# problemas con puente H



## abelox (Nov 3, 2009)

Hola, estoy en la carrera de ing electronica y con un grupo de amigos estamos metidos en un proyecto el cual nos esta dando algunos problema. El proyecto consiste en un seguidor de linea, este seguidor no es muy pequeño que digamos puesto que toda la plataforma a movilizar podria facil pasa los 80 kilos. Es por esto que para los puentes H estamos utilizando mosfets irf 1405 y unos drivers para controlar el puente H (ir2184). El circuito ya ha sido armado en modulo con las ruedas al aire y funciona perfectamente. El problem vino al pasar todo a la tarjeta que se hiso con eagle (la cual tb ha sido testeada) y acoplar el proyecto el pic16f877A que contro mediante cny 70 que el vehiculo siga el camino correcto. El pic vehiculo tine 6 sensores en total de los cuales los dos extremos se utilizan como flags y los 4 del medo se utilizan dependiendo en que parte de la pista se encuentra el vehiculo.
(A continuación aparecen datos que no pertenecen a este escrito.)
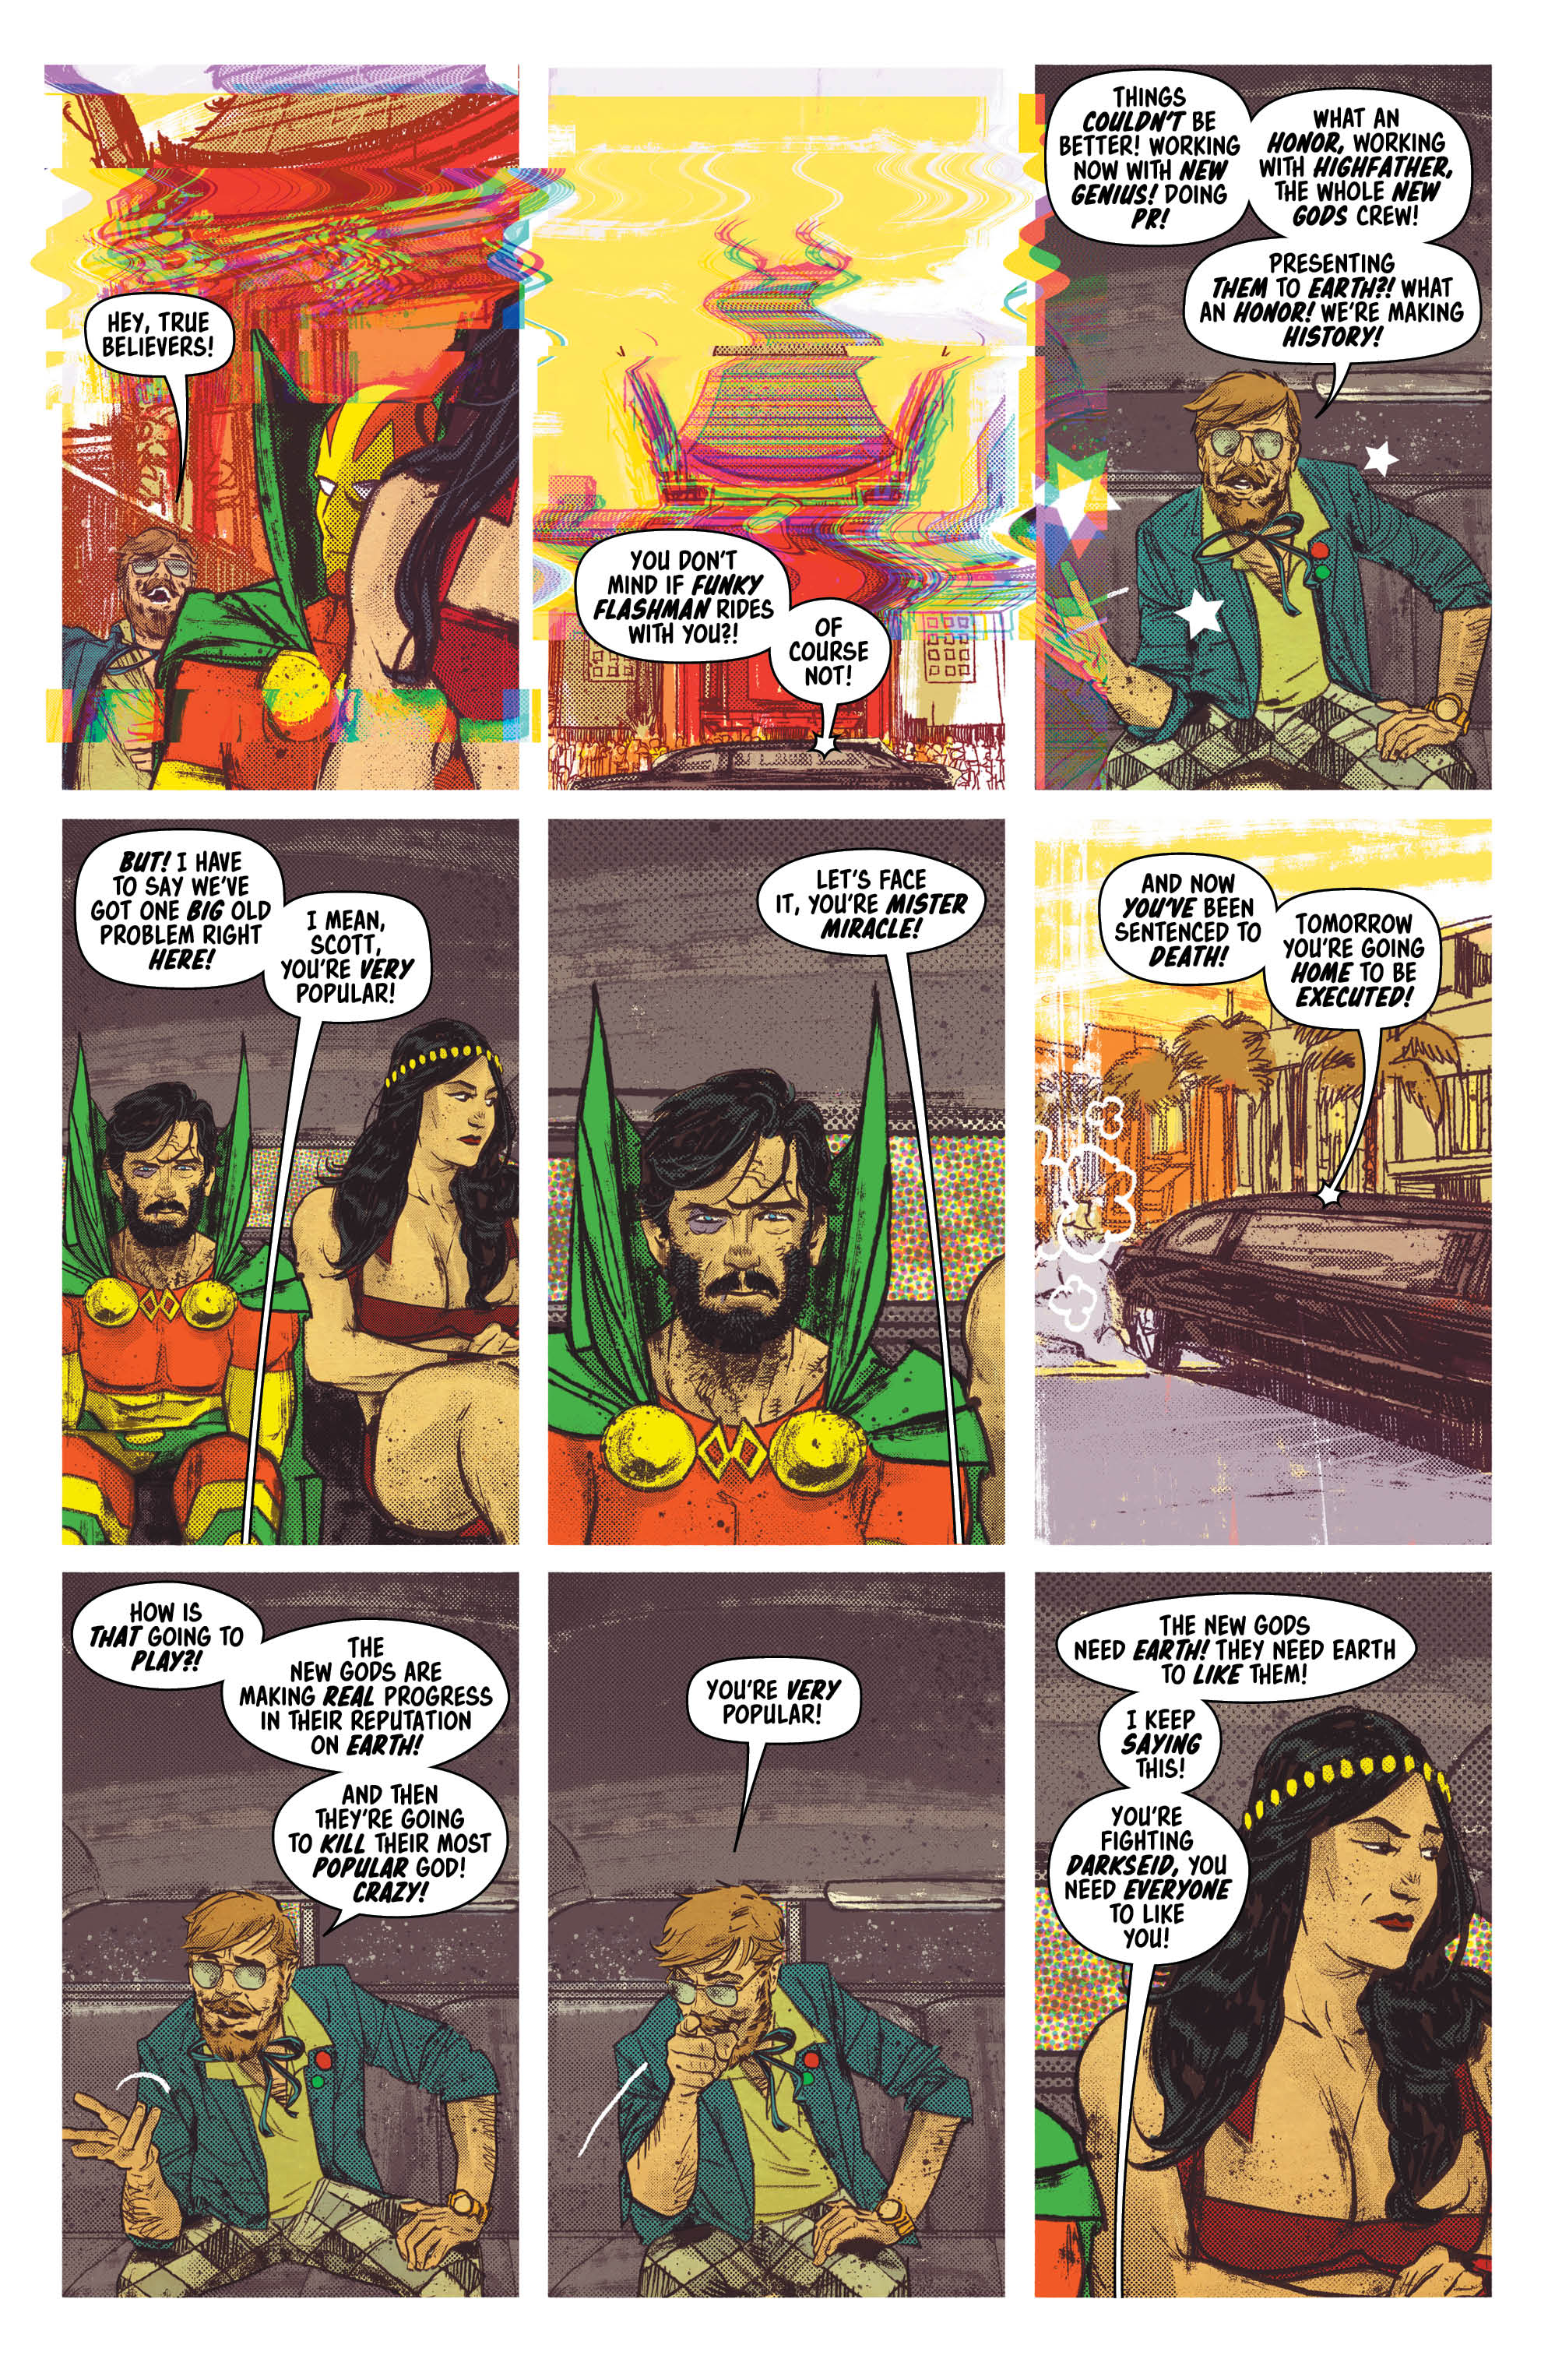 Mister Miracle #5

Se que se puede hacer un seguidor con menos sensores pero lo que pasa es que nuestro recorido tiene bifurcaciones y se vale de los flags para determinar que densores usar en que momento. La logica del programa tambien ya la hise y le hemos probado solamente en modulo.

El vehiculo para voltear (como se acostumbra) se apaga un motor y deja girando el otro. lo malo viene que al tener que parar por ejemplo el motor izquierdo para que el vehiculo gire a la izquierda, este primero comienza a retroceder (como si se rebobinara) para luego recien para, y en el el caso de seguimiento de una linea esto me sacaria por completo de la linea guia.

Otro duda es que si es que se puede usar estos motores medianos para un seguidor ya que este motor va a tener que parar y avanzar a cada rato y hasta ahora los seguidores de linea que he visto son pequeños, maximo 2 Kg. 

El viernes ultimo logramos hacer funcionar la perfectamente la parte de potencia con las tuedas al aire, ayer lunes que retomamos tuvimos unos inconvenientes ya qe el cable se quemo a pesar de ser masomenos grueso y no haber dado problemas antes. que cable deberia usar ya que el motor consume algo de 1.5 A por motor en el aire y el suelo odavia no hemos medido pero tiene que mover algo de 100 Kg. 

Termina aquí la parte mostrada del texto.